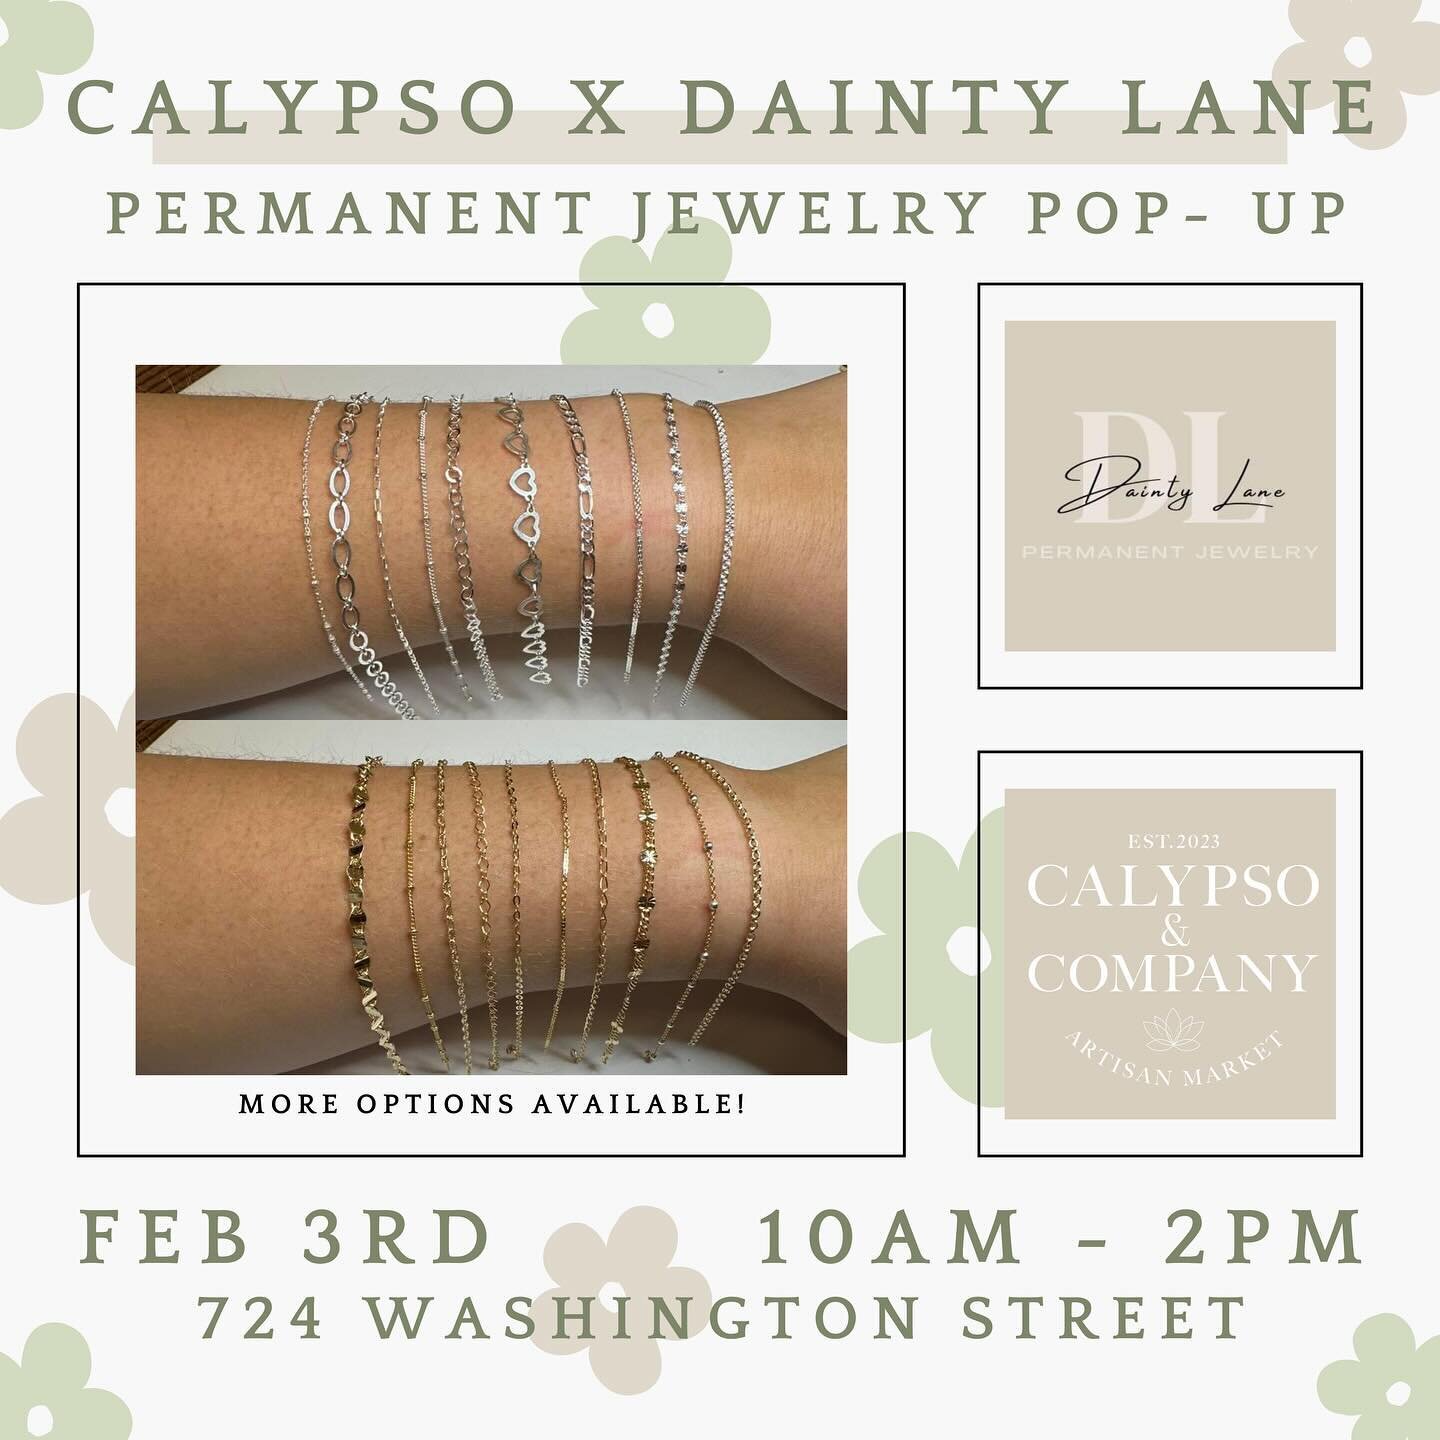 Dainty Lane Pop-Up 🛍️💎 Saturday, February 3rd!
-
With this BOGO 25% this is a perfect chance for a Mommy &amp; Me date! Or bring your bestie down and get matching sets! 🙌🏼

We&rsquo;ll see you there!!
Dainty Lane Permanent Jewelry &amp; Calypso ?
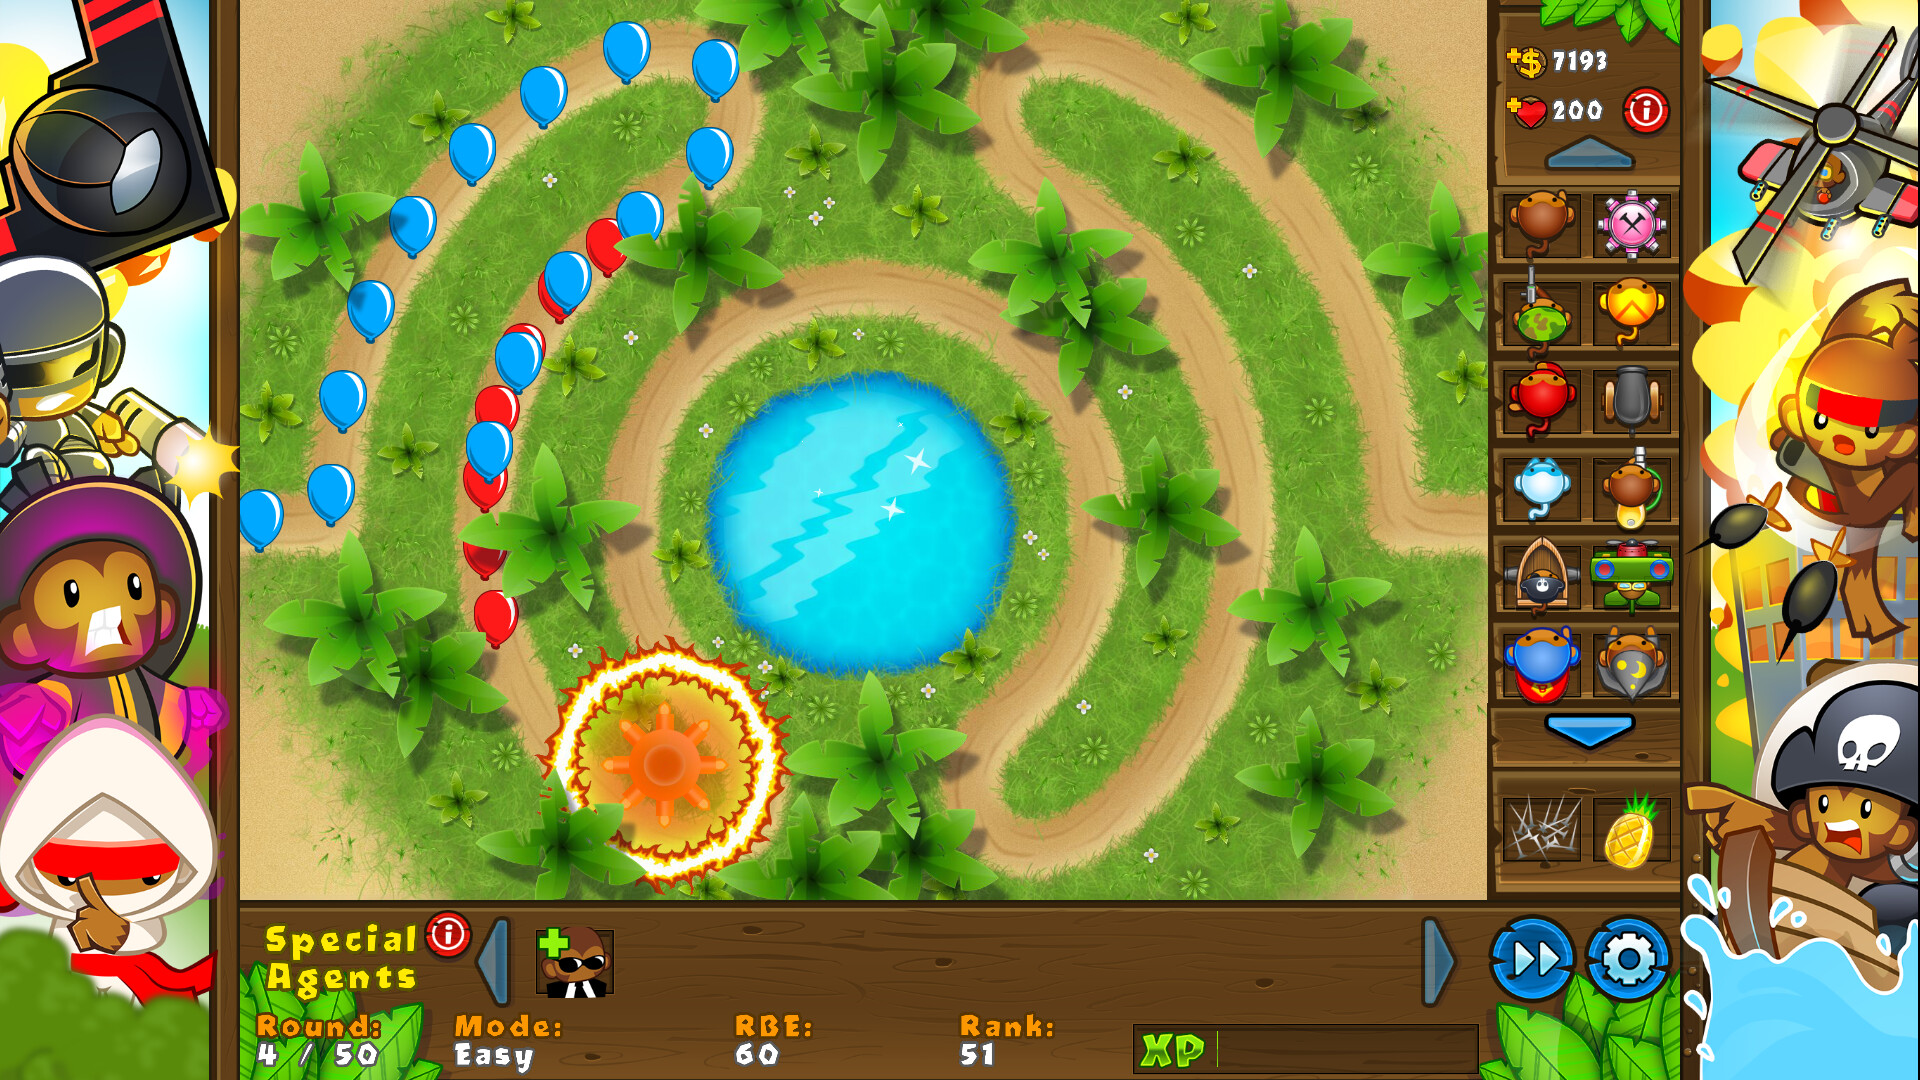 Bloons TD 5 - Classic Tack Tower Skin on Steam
• • • • •
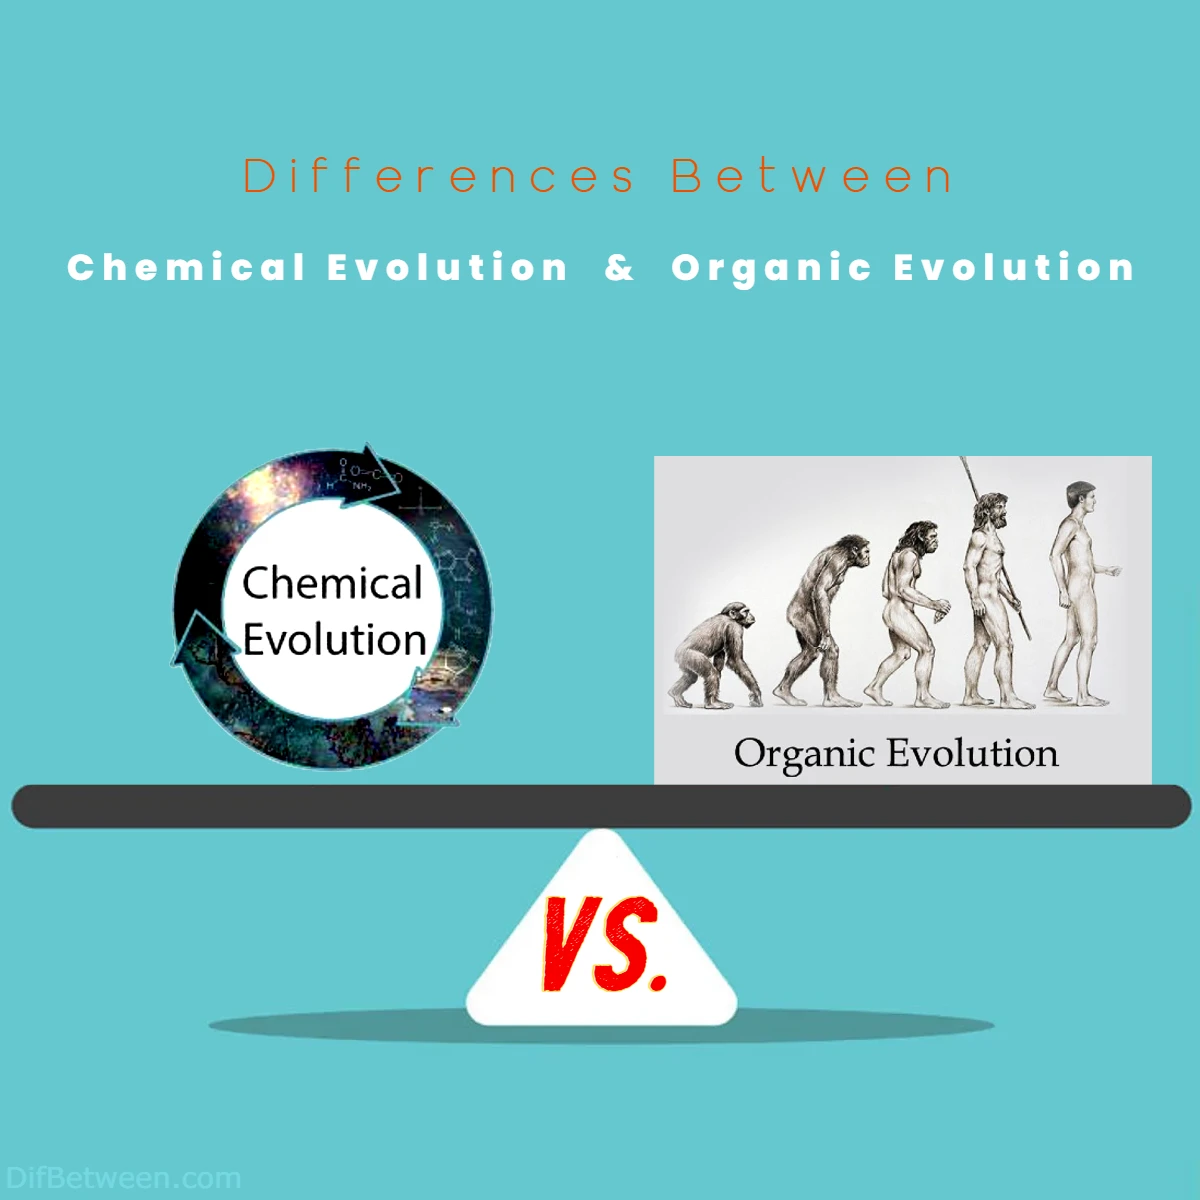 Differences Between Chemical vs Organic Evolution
• • • • •
• **Directions**:
Out of the records above, return only the lines from the one with "Dainty Lane Pop-Up" through the one with "Bloons TD 5", exactly, and none of the pictures.

• **Exercise output**:
 Dainty Lane Pop-Up 🛍️💎 Saturday, February 3rd!
-
With this BOGO 25% this is a perfect chance for a Mommy &amp; Me date! Or bring your bestie down and get matching sets! 🙌🏼

We&rsquo;ll see you there!!
Dainty Lane Permanent Jewelry &amp; Calypso ?
 Bloons TD 5 - Classic Tack Tower Skin on Steam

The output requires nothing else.